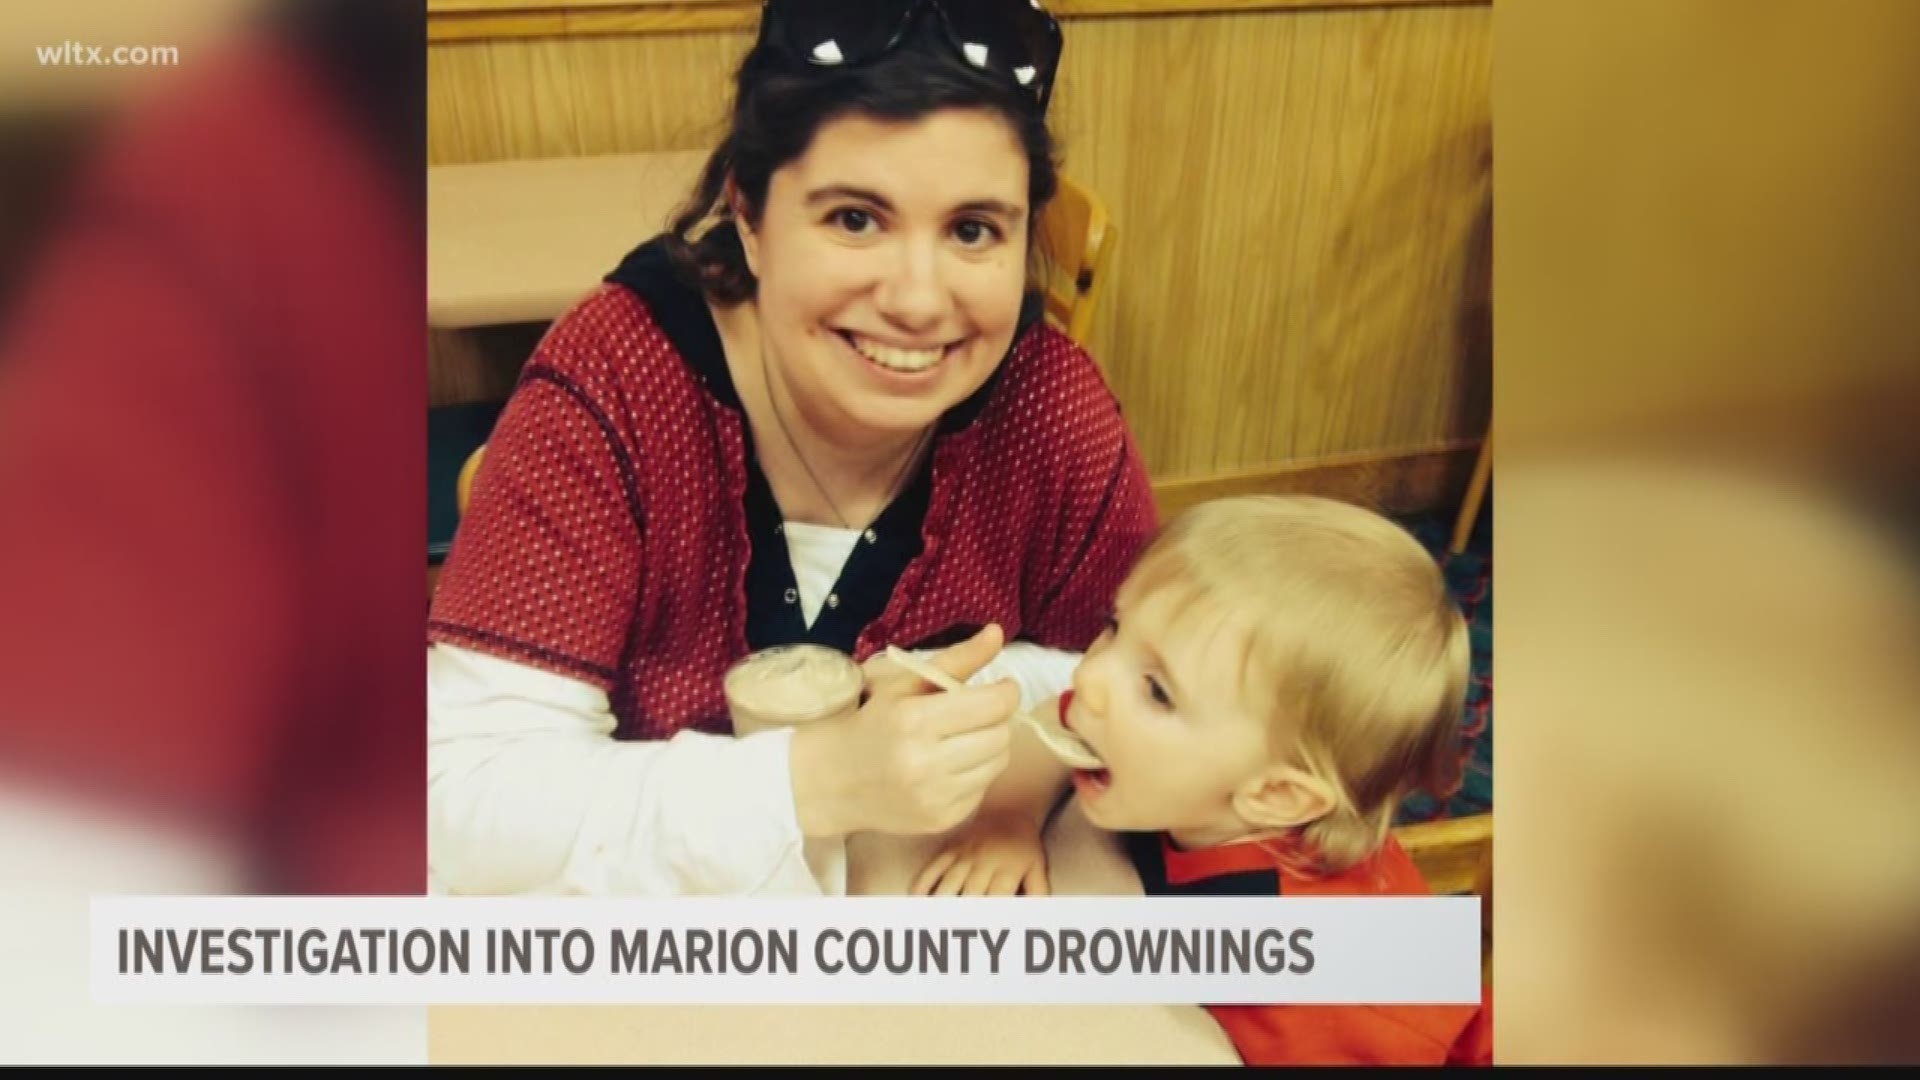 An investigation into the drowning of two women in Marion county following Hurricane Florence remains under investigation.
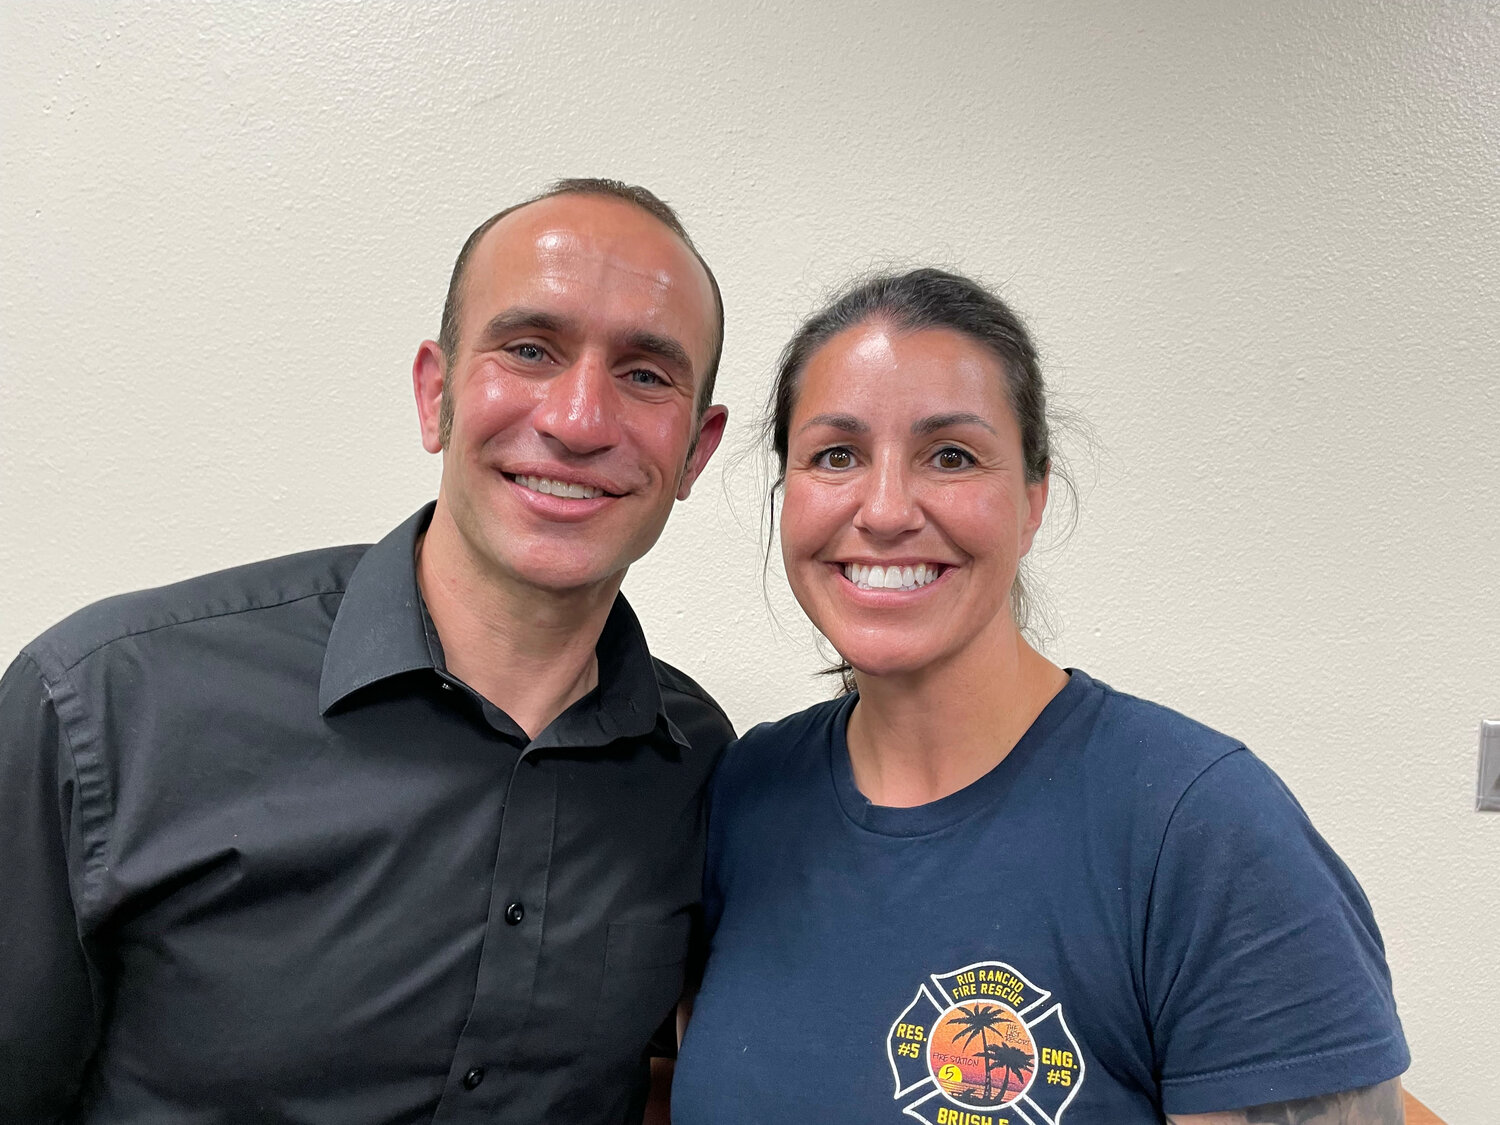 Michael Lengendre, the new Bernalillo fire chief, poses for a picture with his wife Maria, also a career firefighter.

--

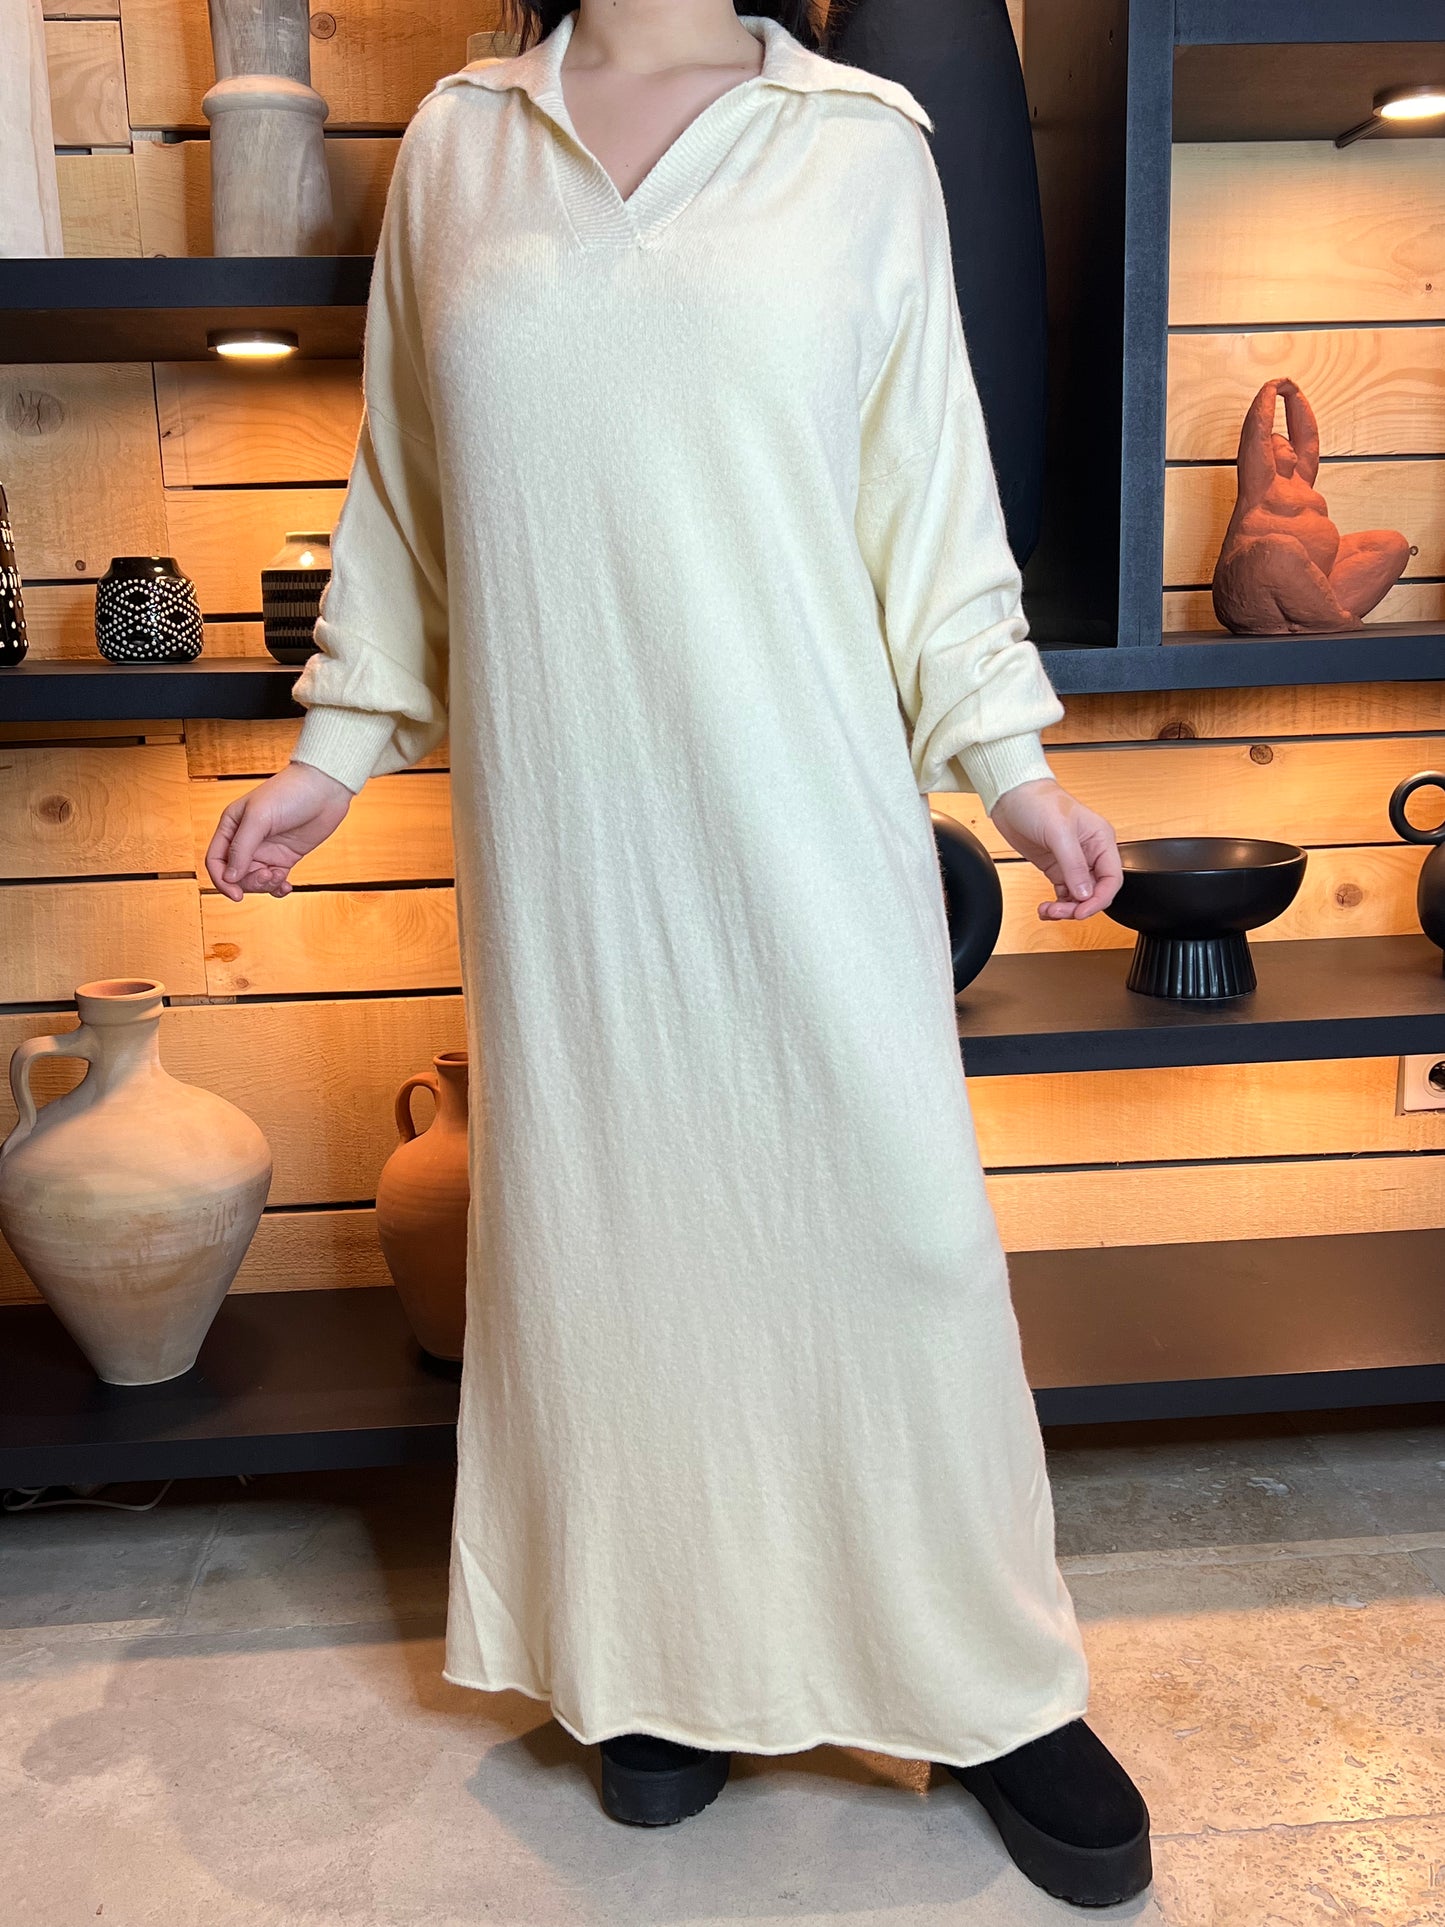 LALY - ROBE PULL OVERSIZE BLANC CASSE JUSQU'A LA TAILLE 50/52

EXERCISE GOAL => Taking the material above, give again exactly the lines from the one holding "An investigation into" through the one holding "Michael Lengendre, the", with both ends and without pictures.

REPLY TO THE TASK =>
 An investigation into the drowning of two women in Marion county following Hurricane Florence remains under investigation.
 Michael Lengendre, the new Bernalillo fire chief, poses for a picture with his wife Maria, also a career firefighter.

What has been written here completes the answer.